После таких воспоминаний Василий поразмыслил и решил: «А не посмотреть ли мне заморскую страну Турцию и не полюбопытствовать ли, как народ там живет, что кушает, да что пьет? И язык турецкий немного знаю». И отправился солдат в путь-дорогу.
Вот пришел Василий в турецкую страну, нашел город Стамбул, встретил Амана. Оказалось, Аман – из очень знатного рода. Обрадовался он гостю: « Молодец, что приехал!» Повел Аман Василия по своему дому, а это и не дом вовсе, а дворец, что ни на есть настоящий. У Василия рот как сам собой открылся, когда его Аман в первую комнату завел, так и не закрывался, пока хозяин ему последнюю комнату не показал. Столько он диковинок увидел, серебра и золота, что никакому описанию не поддается. Вот Аман завел его в наикрасивейшую комнату. Кровать там стоит под балдахином, из черного дерева, вся резная, ковры висят персидские ручной работы, вазы стоят из серебра.
– Это твоя комната, – говорит Аман, – живи в ней, сколько хочешь.
Остался Василий у Амана в гостях: купается он в роскоши, кушанья ест заморские, которых отродясь не пробовал: тут тебе и фрукты самые диковинные, и сладости восточные . Вина он пьет из кубков серебряных. Ароматом эти вина благоухают. Одним словом, рай. Но прошло какое-то время, наскучила такая жизнь отставному солдату, маяться стал от безделья.
Вот как-то за ужином Василий говорит Аману:
– Сегодня днем прохаживался я по базару, повидал много всяких вещей занимательных. Были там клинки дамасские, платки бухарские, но более всего мне пришлись по сердцу кубки серебряные, да кувшины медные с узорами чеканными.

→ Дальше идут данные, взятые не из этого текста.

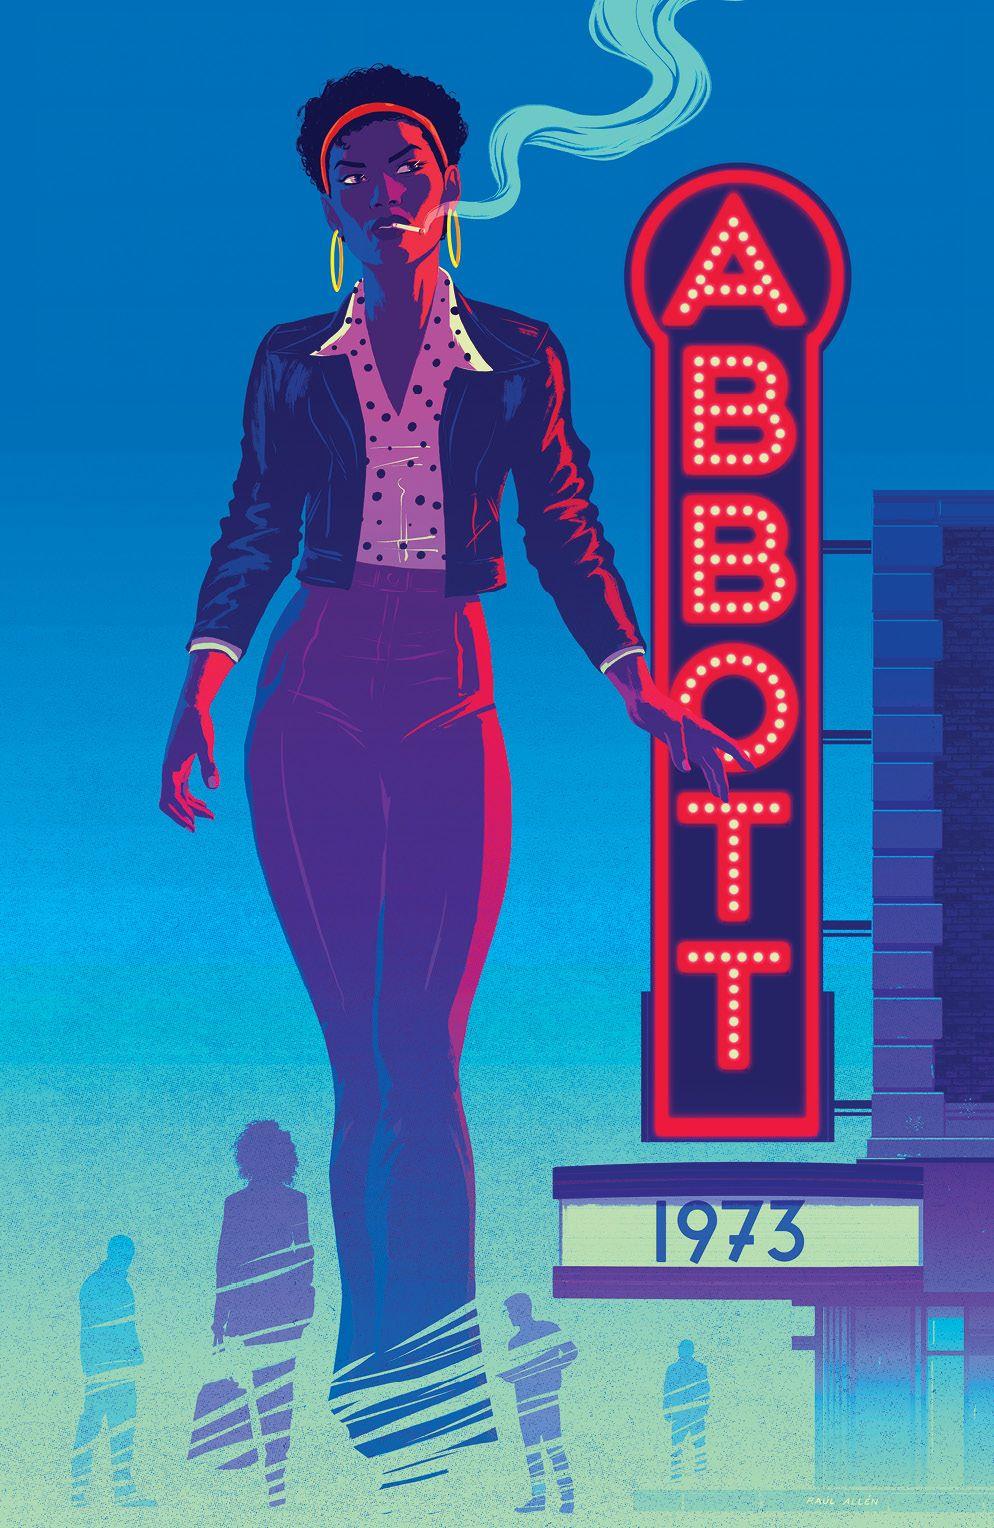 Abbott_1973_002_Cover_B_1970sVariant ComicList: BOOM! Studios New Releases for 02/17/2021
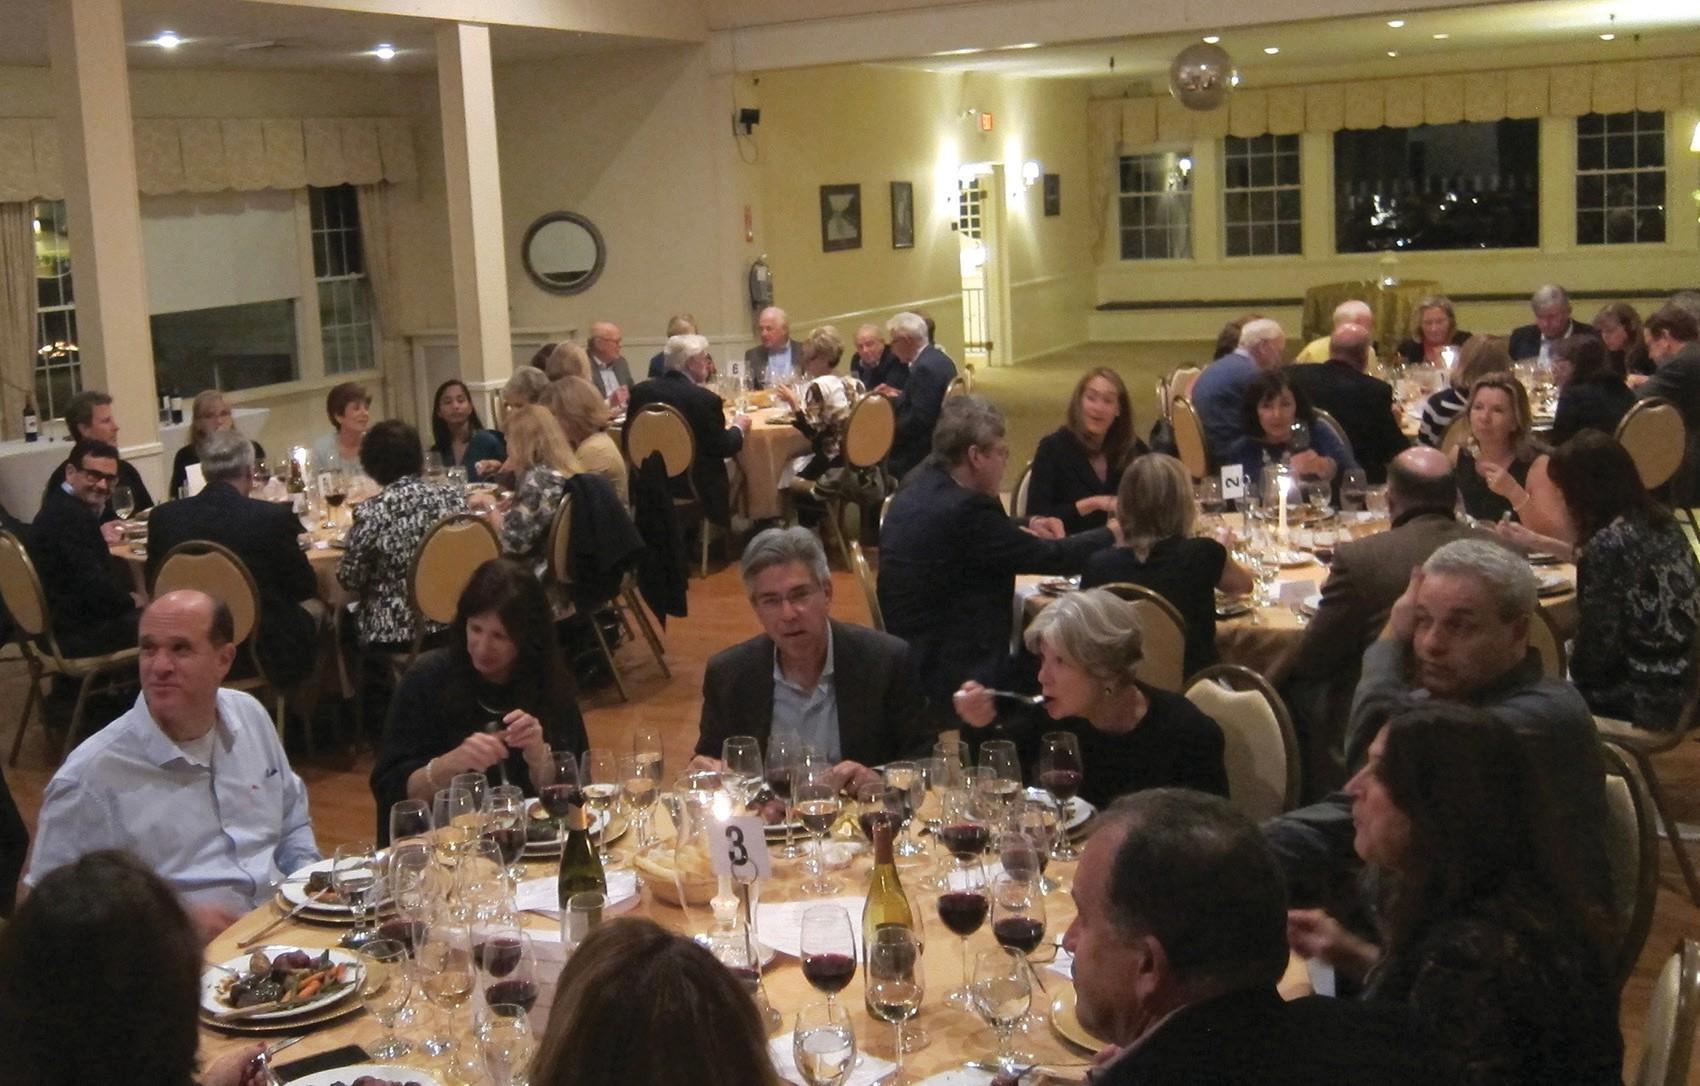 Garden City Casino hosts Wine Tasting Event | Garden City News

Увидел я, как ваш мастер все это своими руками творит, узоры тончайшие выводит. И страсть, как мне захотелось этому ремеслу обучиться, ведь до того, как меня в солдаты забрали, я в кузнице отцу помогал, он у меня кузнецом был и чеканкой малость занимался, и работа эта мне шибко нравилась. Подошел я к этому мастеру и стал просить его, чтоб он меня в подмастерья взял. Он подумал и согласился. Сошлись мы с ним на том, что завтра я к нему в мастерскую приду.
– Скажи, – говорит Аман, – зачем тебе все это нужно? Зачем ремесленником хочешь быть? Давай я тебе денег дам, купцом сделаю, будешь товаром торговать, барыш иметь.
Отвечает ему Василий:
– Спасибо за слова такие, но деньги и украсть могут, и потерять их возможно, а вот ежели я мастером стану, то мастерство при мне на всю жизнь останется.
Задумался Аман: « Может, ты и прав. Воля твоя, но если наскучит тебе эта забава, то знай, в беде я тебя не оставлю». А Василий помялся малость и продолжает: «Хочу я переселиться в дом попроще, потому как если прослышит мастер, что живу я в таком дворце, то, пожалуй, и обучать ремеслу меня не станет. Скажет, что богач с жиру бесится. Так что присмотрел я комнату и с хозяином о цене договорился». Аман глаза округлил:
– Ну, друг, и желания у тебя странные. Но ты – мой гость, будь по-твоему.
Прошло два дня, как-то под вечер приехал Аман в гости к Василию. Посмотрел на его житье-бытье и говорит:
– Неуютно у тебя в доме, женской руки не хватает.
На следующий день привел Аман девушку лет двадцати. Глаза черные, большие, стан тонкий, косы ниже пояса. И рассказал, что девушка эта - сирота, зовут ее Адель и какого она роду-племени – неизвестно. Но девушка она работящая и послушная, и будет ему по хозяйству помогать. Василий тут возражать стал:
– Зачем мне служанка нужна, скажи на милость?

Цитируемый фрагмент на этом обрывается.